Taking the entries below, transcribe only the lines starting with the one with "the power jean old navy" and going on through the one with "Bridging FINS Data", exactly as written, without the pictures.

Supplied data -
---*---

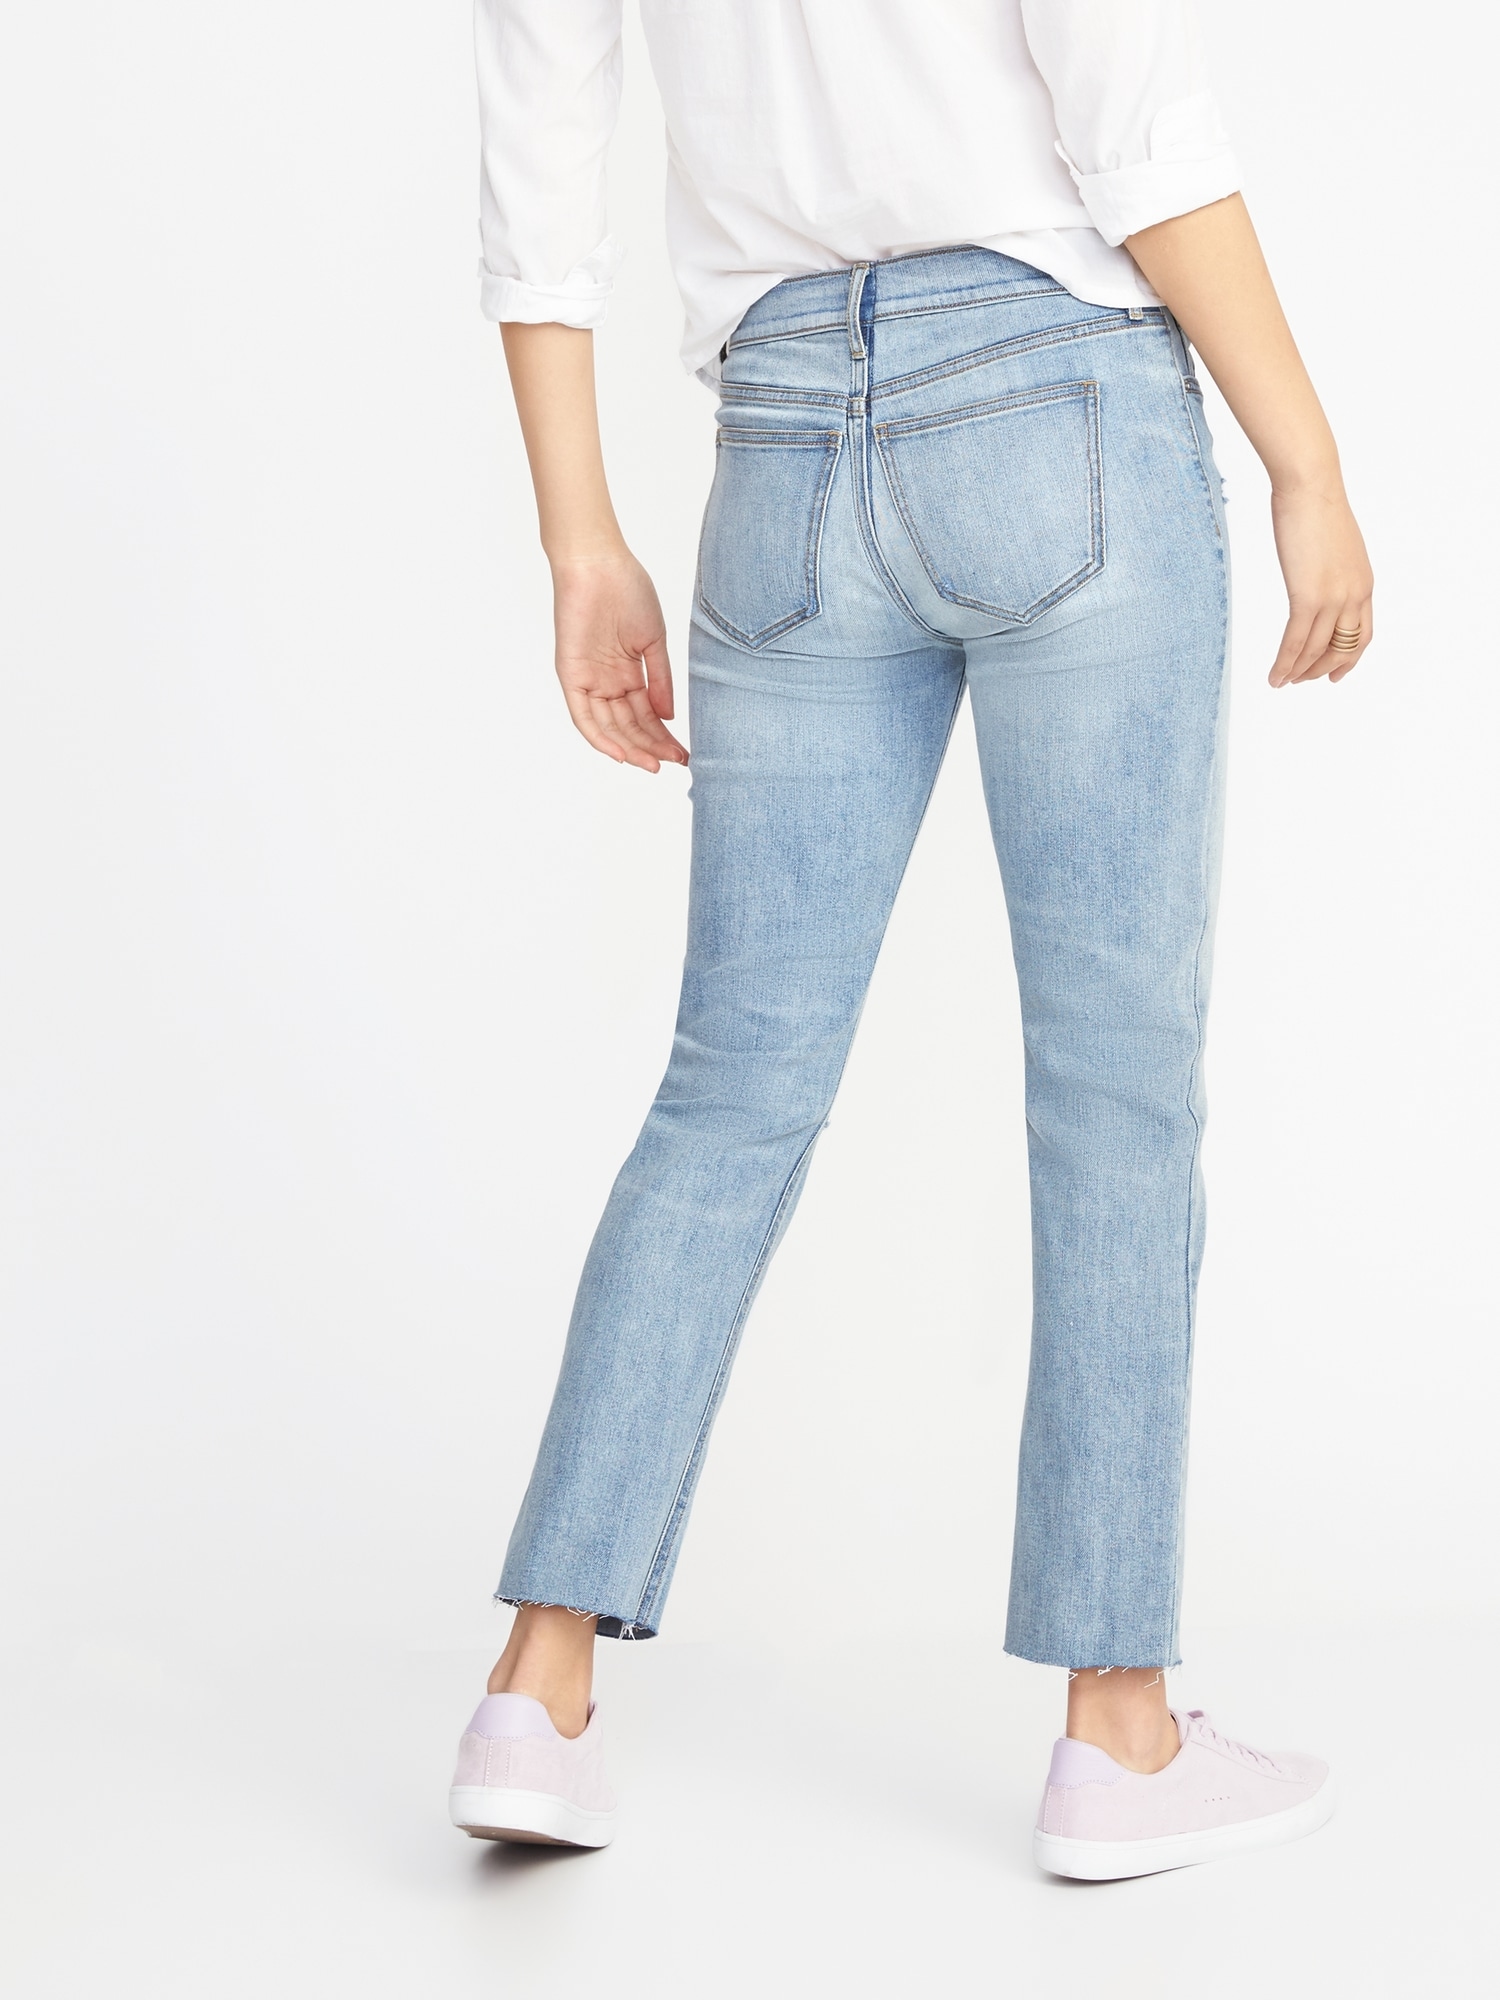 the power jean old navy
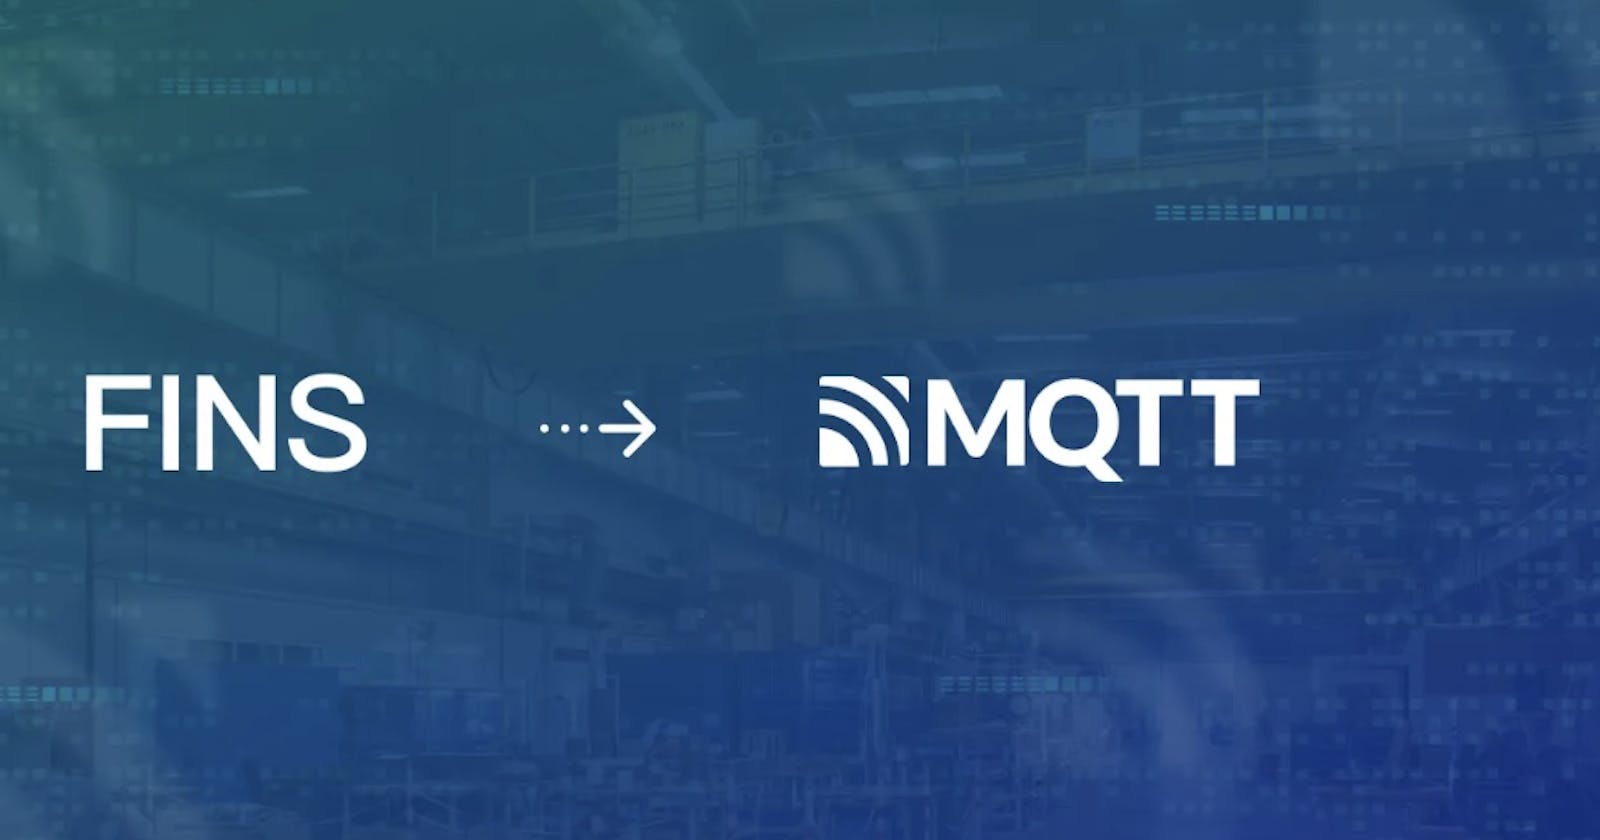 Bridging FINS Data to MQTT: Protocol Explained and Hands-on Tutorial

---*---

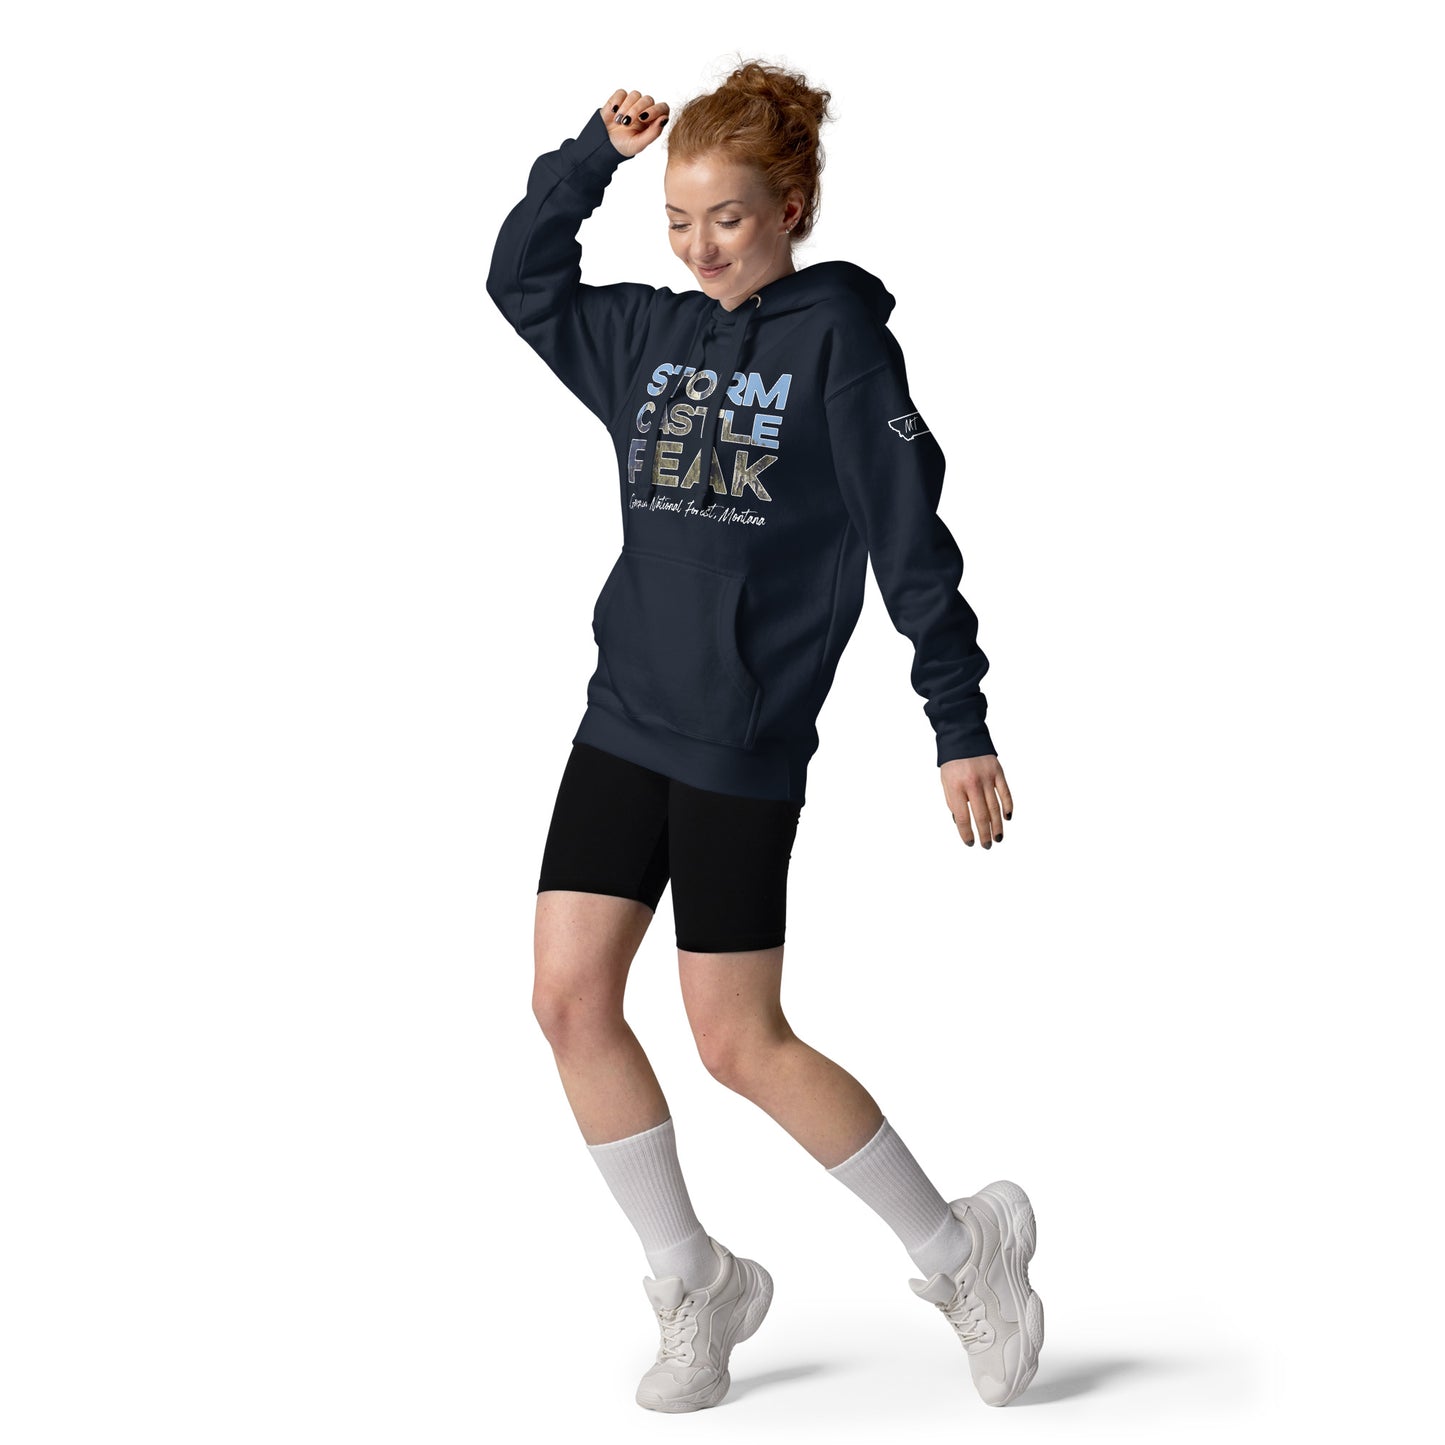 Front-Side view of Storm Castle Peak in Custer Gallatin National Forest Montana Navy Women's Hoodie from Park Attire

---*---

Problem solution -
 the power jean old navy
 Bridging FINS Data to MQTT: Protocol Explained and Hands-on Tutorial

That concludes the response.